Nicolas Cage. Otro con tinte equivocado homenajeando a Lauren Postigo. 


Lenny cree que está tan bueno que se puede permitir esto. Yo creo que no. 


Requetenó a Rachel. La Sra. Maisel estaría disgustadísima y a su madre le hubiera dado un ictus.


Fantasia Barrino no está convencida. Yo tampoco: la entiendo tanto... Te pruebas algo en la tienda, crees que sí, tienes dudas pero dices «tengo que arriesgarme, salir de mi zona de confort». Lo compras, llega tu día, te lo pones y piensas: ¿por qué cojones no le hice caso a mi instinto? Todas hemos sido Fantasia alguna vez. 


Todos en pie: Gillian Anderson maravillosa. He leído por ahí que el bordado del vestido son vulvas. Lo que queráis, como si llevara grabadas porterías de fútbol, me da igual. Ella está fantabulosa. Por ponerle una pega: Gillian, ¿para qué el bolsito ridículo? 

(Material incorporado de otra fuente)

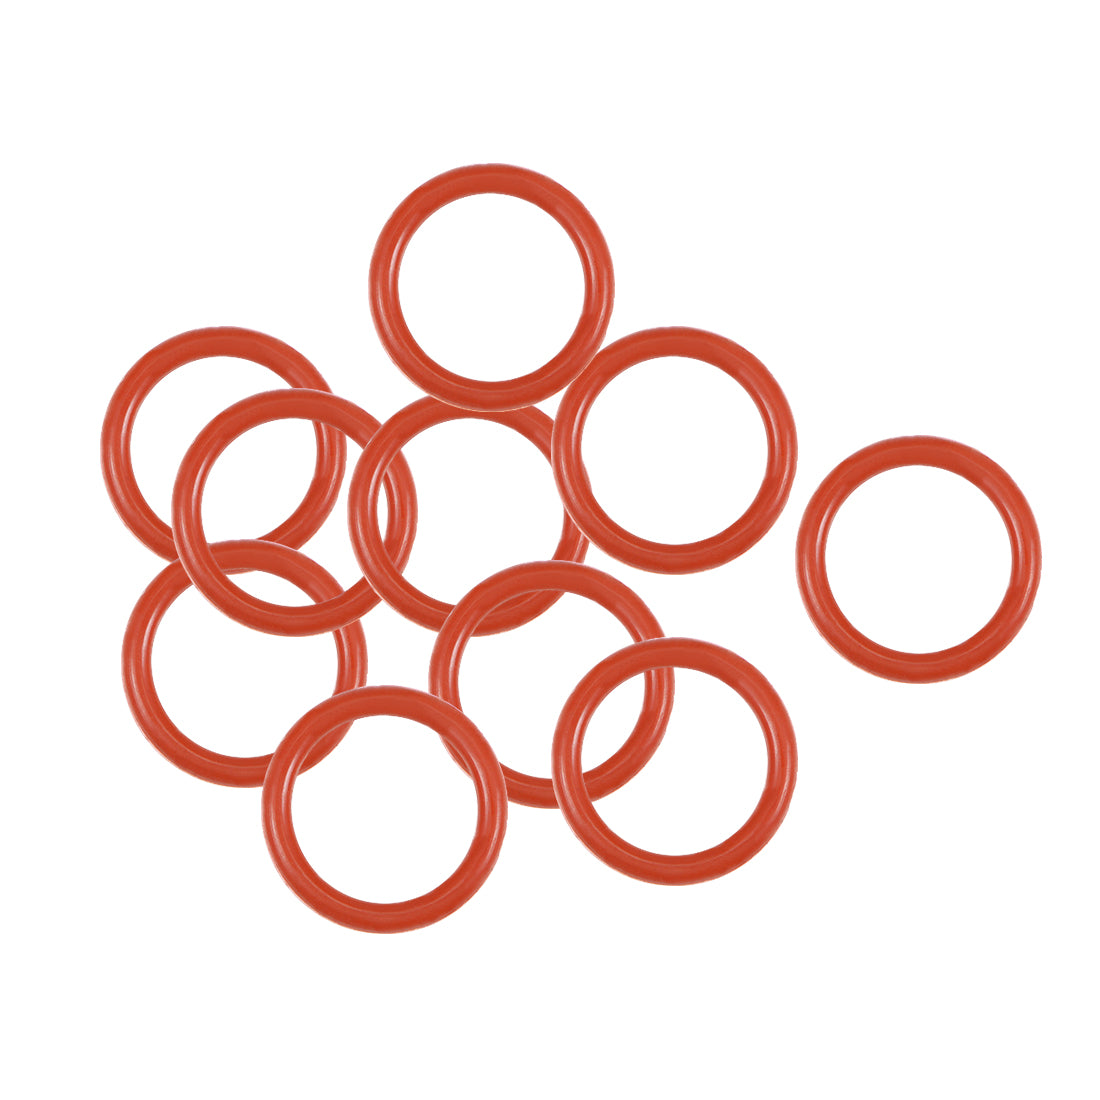 uxcell Uxcell Silicone O-Rings 8mm OD, 6mm Inner Diameter, 1mm Width, Seal Gasket Red 10Pcs

Brie Larson. Qué mona de embudo de esos que le pones a tu perro para que no se rasque cuando le han operado. Me encantaría que con ese vestido solo pudiera estar de pie, que no pudieras sentarte, como si fuera un vestido de Barbie. Perdón: de Margot. 


Heidi compite en otra liga. Qué cabrona. 


Ni una gala sin su representante de la tendencia «no quiero ser como la masa, quiero ser original, diferente, divertido, rompedor» y cagarla.


The mamarrachest. 


Ya estaba tardando en salir la malvada de Disney. ¿A quién se le ocurre llevar algo así? Te agachas y le sacas el ojo a alguien. O la gente se pasa la noche tirándote cosas a ver si aciertan a encestar. 


Issa Rae deslumbrante de El gran Gatsby.


Justin se suma a la tendencia de llevar reloj (algo que aplaudo muy fuertemente) pero no consigue compensar los 3000 puntos negativos por el traje color dulce de leche o virus estomacal de estos días en España. 


No sé quien es Rachel Smith pero me encanta su vestido de flores barrocas. Y a ella también. Y Matt Bomer también me encanta. 


Y chimpún. Ha sido divertido. Tengo que recuperar los despellejes. Por las risas y las tonterías.